OBJECTIVES: Pharmaceuticals’ often lengthy time-to-market is largely determined by the duration of regulatory agency review, where inefficiencies can often lead to backlogs that delay approval. To speed access to innovative medicines, governments have recently developed accelerated approval pathways (AAPs). This study aims to examine the performance of these AAPs in comparison with standard approval pathways (SAPs) in Australia, Canada, and Saudi Arabia.

METHODS: Regulatory agency websites were systematically reviewed for data and guidelines concerning market approvals. Median approval time (MAT) for new chemical entities (NCEs) was estimated by calculating the median difference between date of submission and the date of approval for 42 products approved in 2016–2017.

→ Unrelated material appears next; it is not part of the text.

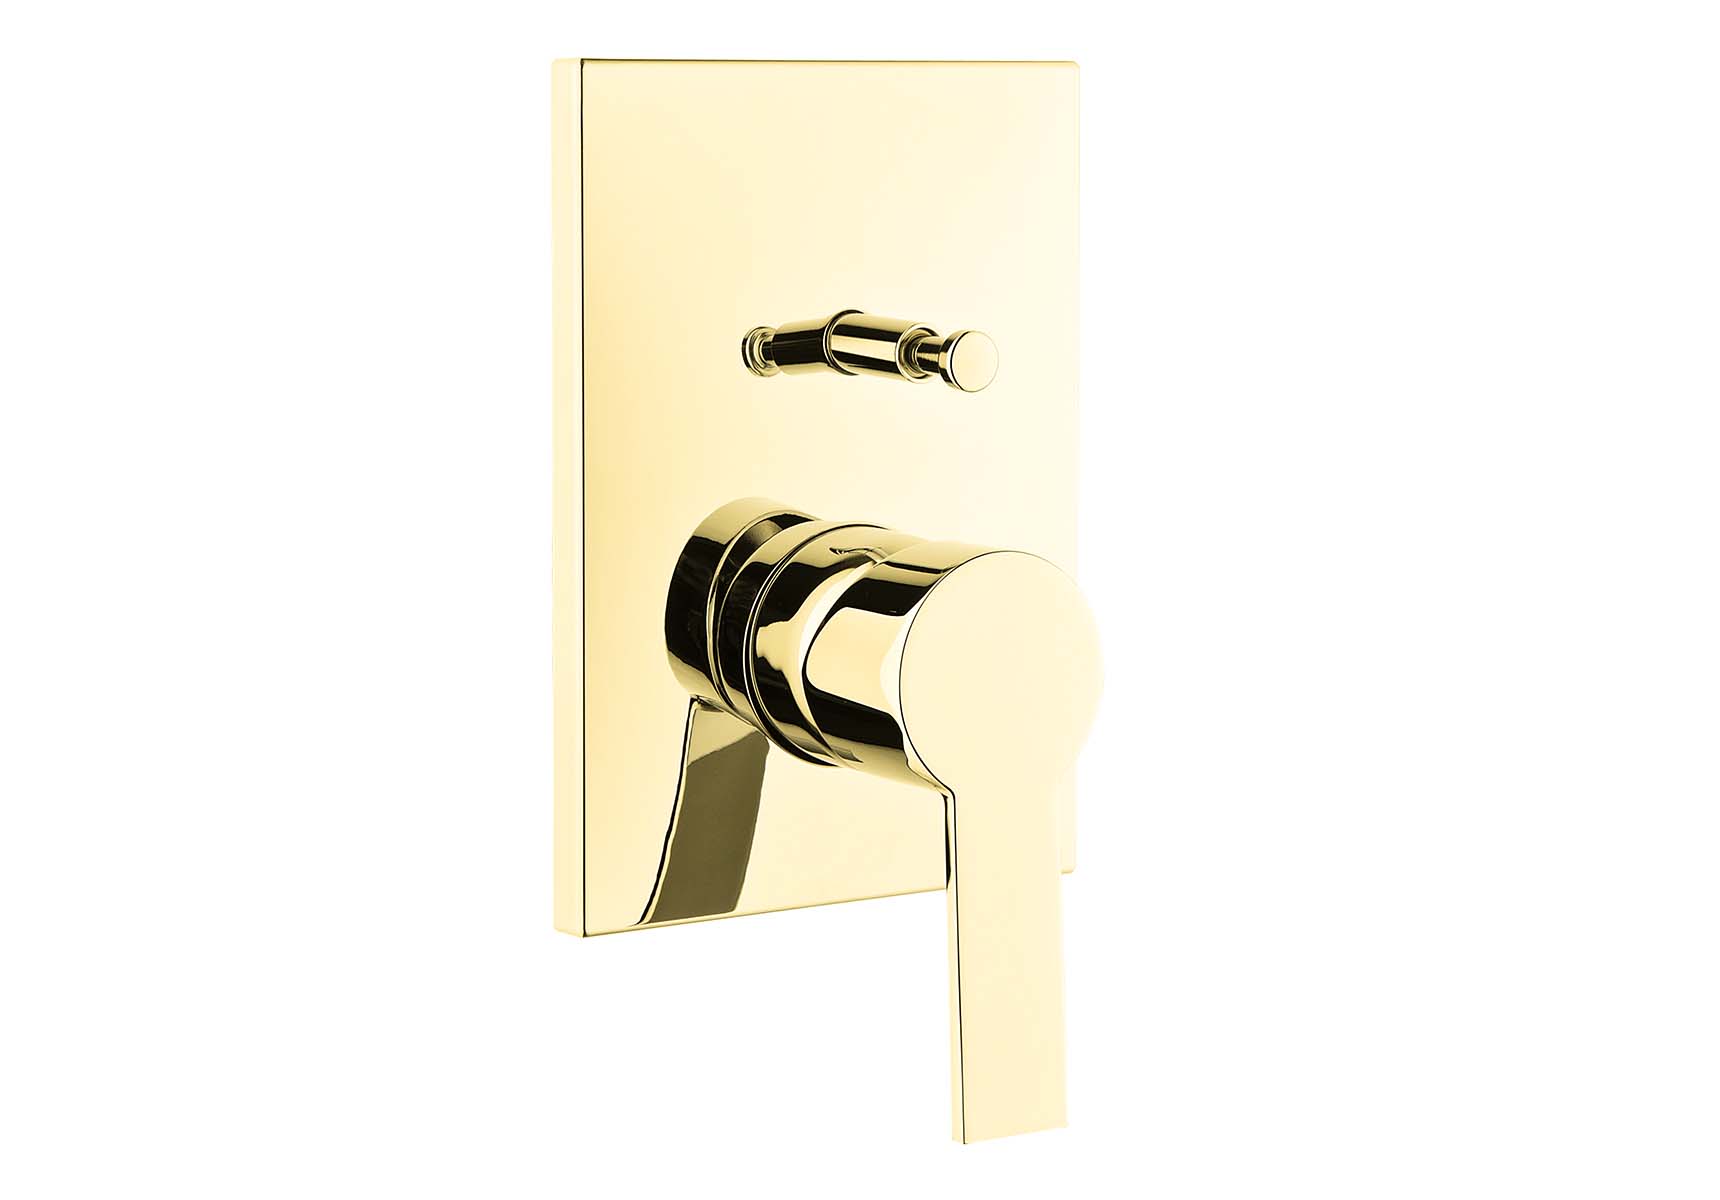 Flo S Built-In Bath/Shower Mixer , Exposed Part, Gold

RESULTS: The MAT for NCEs was 307, 356, and 500 days in Australia, Canada, and Saudi Arabia, respectively. In Australia, 13 applications were accepted to the new priority review pathway since its mid-2017 inception. Among those, 2 have been approved to date, at a MAT of 145 days. In Canada, 4 NCEs were approved through the priority pathway, with a MAT of 246 days. The majority of priority products in these countries were oncology drugs (60%), with genetic and rare diseases accounting for the remainder. The Saudi FDA did not publish details of applications logged through its new abridged/verification approval pathway.

CONCLUSIONS: Drugs that met eligibility criteria, particularly oncology drugs, obtained earlier approval through AAPs. Compared to SAP, AAP-reviewed drugs were approved 40% and 30% faster in Australia and Canada, respectively. In both countries, MAT through the SAP also falls within 5% of regulatory agency targets. Saudi Arabia’s recently introduced AAP offers similar promise but there is reason for skepticism regarding its ability to address approval delays. MAT through SAP is notably longer in Saudi Arabia than the 290-day target as full and lengthy assessments of drugs — including product testing —are conducted by Saudi FDA.